Dressing and Seasoning

  • 1 cup full-fat plain Greek yogurt or skyr
  • 2 tbsp lime juice
  • ¾ tsp ground cumin
  • ¾ tsp chili powder
  • ¾ tsp smoked paprika
  • Kosher salt & black pepper, to taste
  • Cayenne pepper (optional, to taste)

Salad Mix-Ins

  • ¾ cup black beans (canned, drained and rinsed)
  • ½ cup finely diced red bell pepper
  • ½ cup corn (preferably fire-roasted)
  • ¼ cup finely diced red onion
  • ¼ cup chopped fresh cilantro

Instructions

  1. Cook the Chicken: Place the chicken breasts in a medium pot, season them with kosher salt and black pepper, and cover with at least 1 inch of water.
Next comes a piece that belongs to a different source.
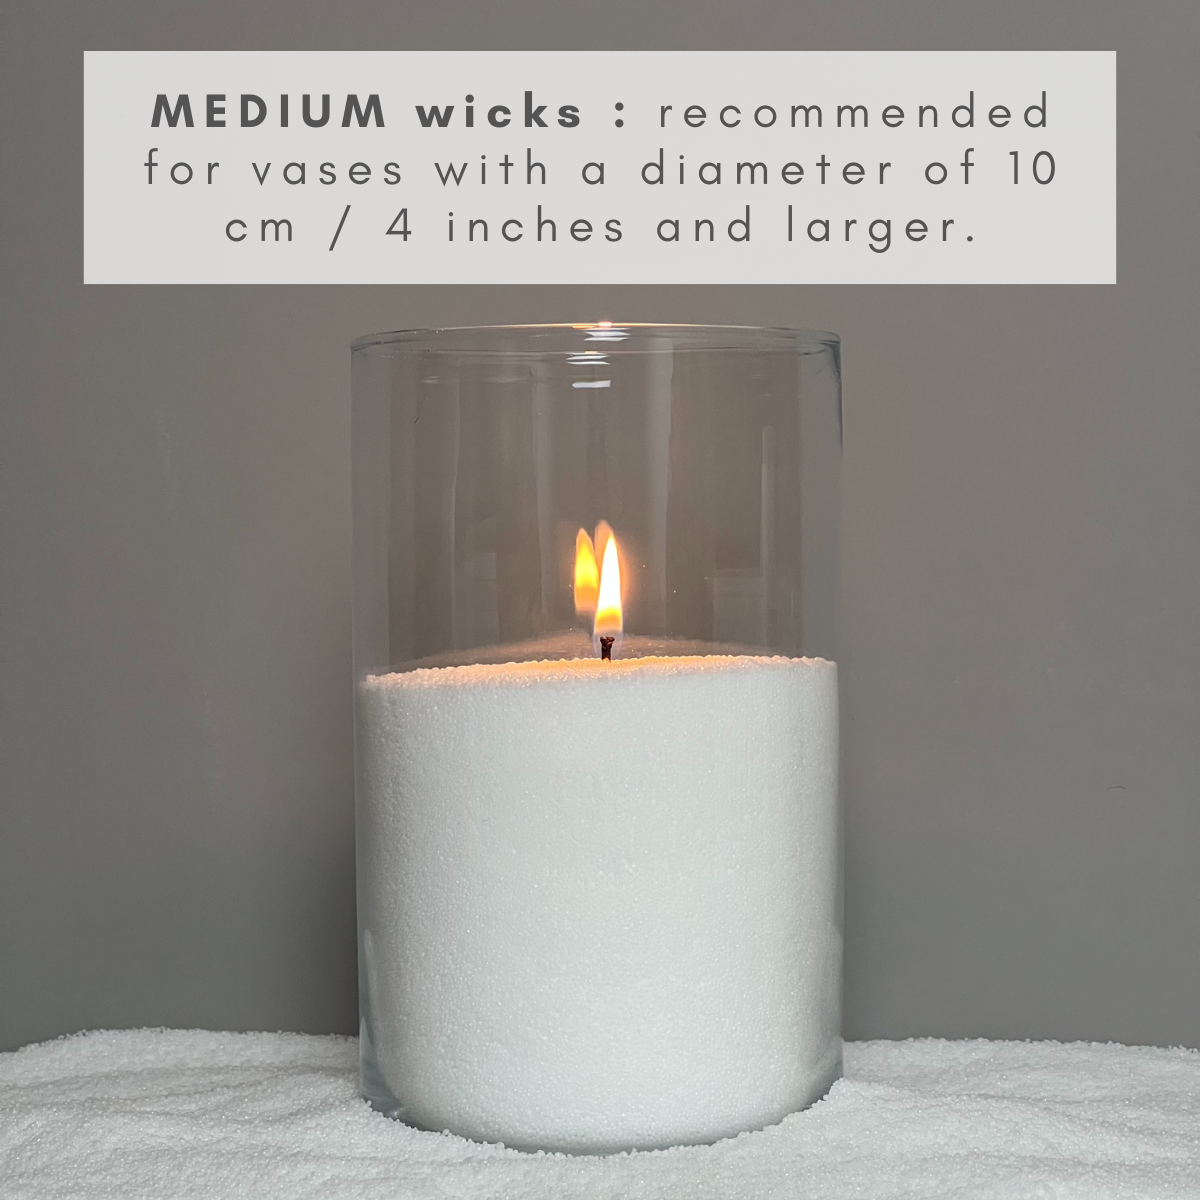 Mediums wicks for Candle Sand Recommended for vases with a diameter of 10 cm / 4 inches and larger

Bring the water to a boil, then cover the pot, reduce the heat to low, and let the chicken simmer for 15-20 minutes or until the internal temperature reaches 165°F (74°C), ensuring the chicken is fully cooked.
  2. Shred the Chicken: Transfer the cooked chicken to a large bowl or the bowl of a stand mixer. Shred the chicken using two forks or by using the stand mixer on low speed for a quick shredding method. Set aside.
  3. Prepare the Dressing and Combine: In a separate large bowl, whisk together the Greek yogurt, lime juice, ground cumin, chili powder, smoked paprika, kosher salt, black pepper, and optional cayenne pepper until well combined. Add the shredded chicken along with black beans, diced red bell pepper, corn, red onion, and chopped cilantro. Stir everything together thoroughly. Taste and adjust seasoning as needed.
  4. Chill and Serve: Refrigerate the chicken salad until cooled and the flavors have melded, about 15-30 minutes. Serve the Southwestern Chicken Salad on whole wheat toast, with tortilla chips, on rice cakes, or wrapped in a tortilla. Enjoy your fresh and flavorful meal!

Notes

  • For extra flavor, consider using fire-roasted corn to add a smoky element to the salad.
  • You can substitute cooked rotisserie chicken to save time if desired.
  • This salad can be made a day ahead to deepen the flavors.
  • Serve with tortilla chips or as a sandwich filling for versatile options.
  • Adjust the cayenne pepper according to your preferred spice level.